L. Späth

Further functional in vitro comparison of pre- and postsynaptic dopamine receptors in the rabbit caudate nucleus

SummarySlices of the rabbit caudate nucleus were preincubated with 3H-dopamine or 3H-choline and then superfused and stimulated electrically. DiPr-5,6-ADTN reduced the stimulation-evoked overflow of tritium over the same concentration range, independently of whether slices had been preincubated with 3H-dopamine or 3H-choline, and the same was true for apomorphine, NPA and pergolide. Three other putative dopamine receptor agonists, namely 3-PPP, DPI and SKF 38393, failed to decrease the evoked overflow of tritium. Each of six antagonists — (−)-sulpiride, (+)-sulpiride, CGP 11109 A, cis-flupentixol, domperidone and corynanthine —increased the evoked overflow over the same concentration range in experiments with 3H-dopamine and in those with 3H-choline. For each of these antagonists except cis-flupentixol, and also for chlorpromazine, haloperidol and rauwolscine, the pA2 values against apomorphine obtained in 3H-dopamine and in 3H-choline experiments were closely similar.
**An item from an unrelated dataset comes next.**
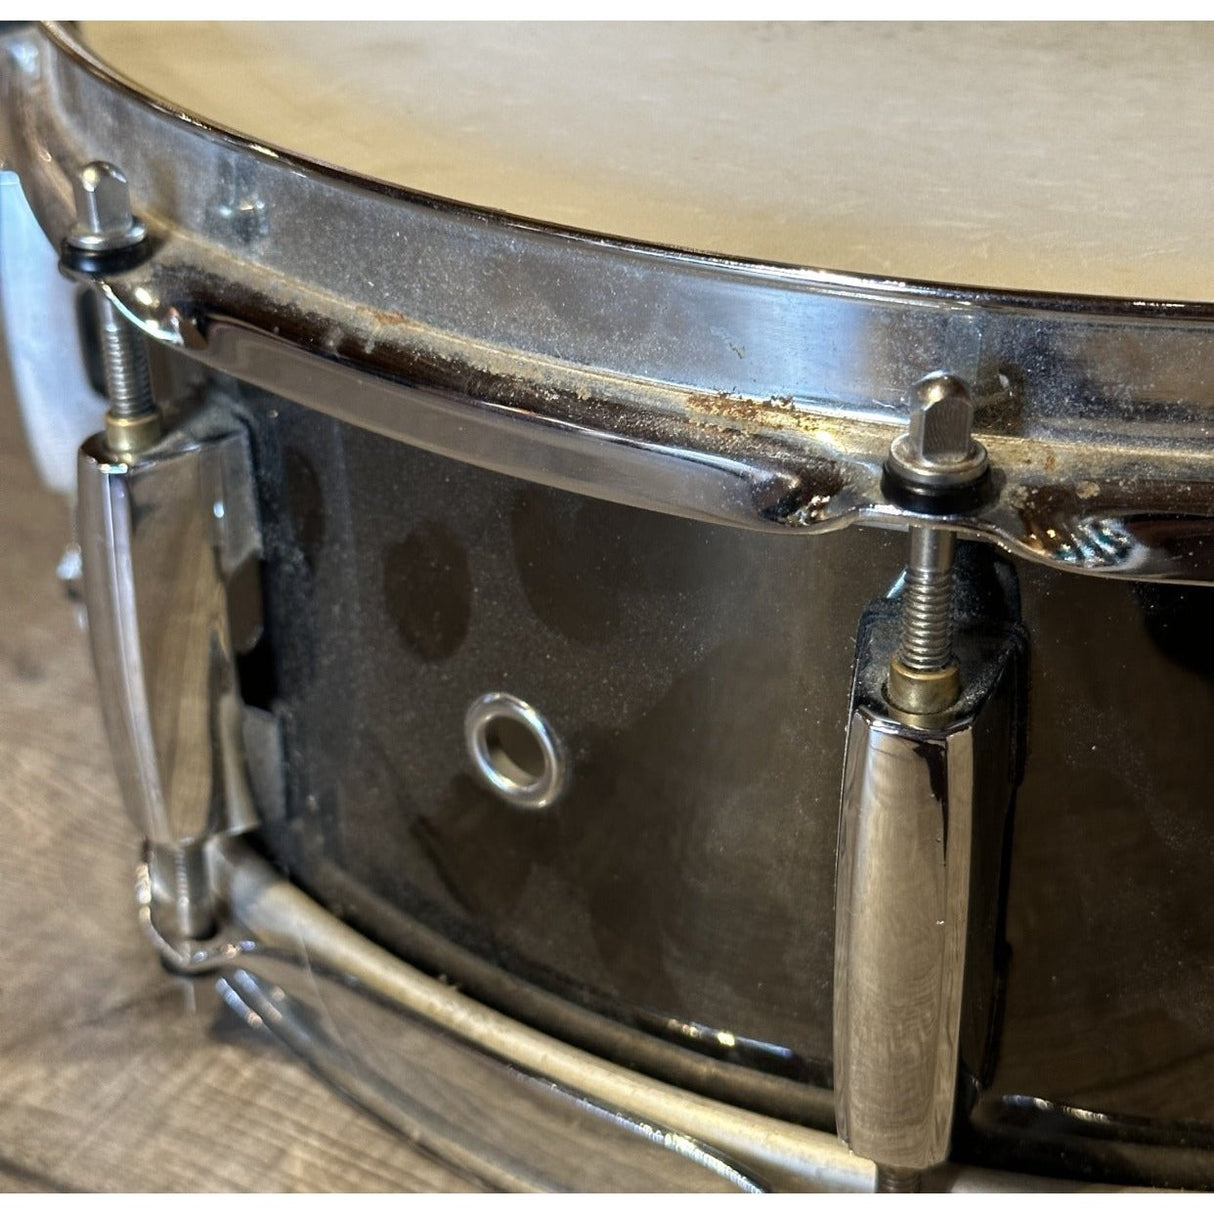 Used Pearl Signature Chad Smith Snare Drum 14x5.5

The antagonist effect of cis-flupentixol against apomorphine was not purely competitive. (−)-Sulpiride was a more potent antagonist than (+)-sulpiride, and cis-flupentixol was more potent than trans-flupentixol.This study supplements a previous one in which (±)-sulpiride, metoclopramide and molindone were used as antagonists. It is a functional in vitro approach to receptor characterization, as opposed to radioligand binding studies or in vivo investigations. The results show that a large number of dopamine receptor agonists and antagonists are unable to distinguish between the presynaptic, release-inhibiting dopamine autoreceptors and those postsynaptic dopamine receptors which, when activated, depress the release of acetylcholine. Both receptors can be classified as D2. There was an excellent correlation between pA2 values and the — log Ki values of antagonists, taken from the literature, for inhibition of the binding of 3H-spiperone to rat striatal membrane fragments. The correlation supports the view that the sites labelled by 3H-spiperone are true receptors, although the affinities in the binding experiments were consistently lower than the functionally determined affinities in the intact tissue.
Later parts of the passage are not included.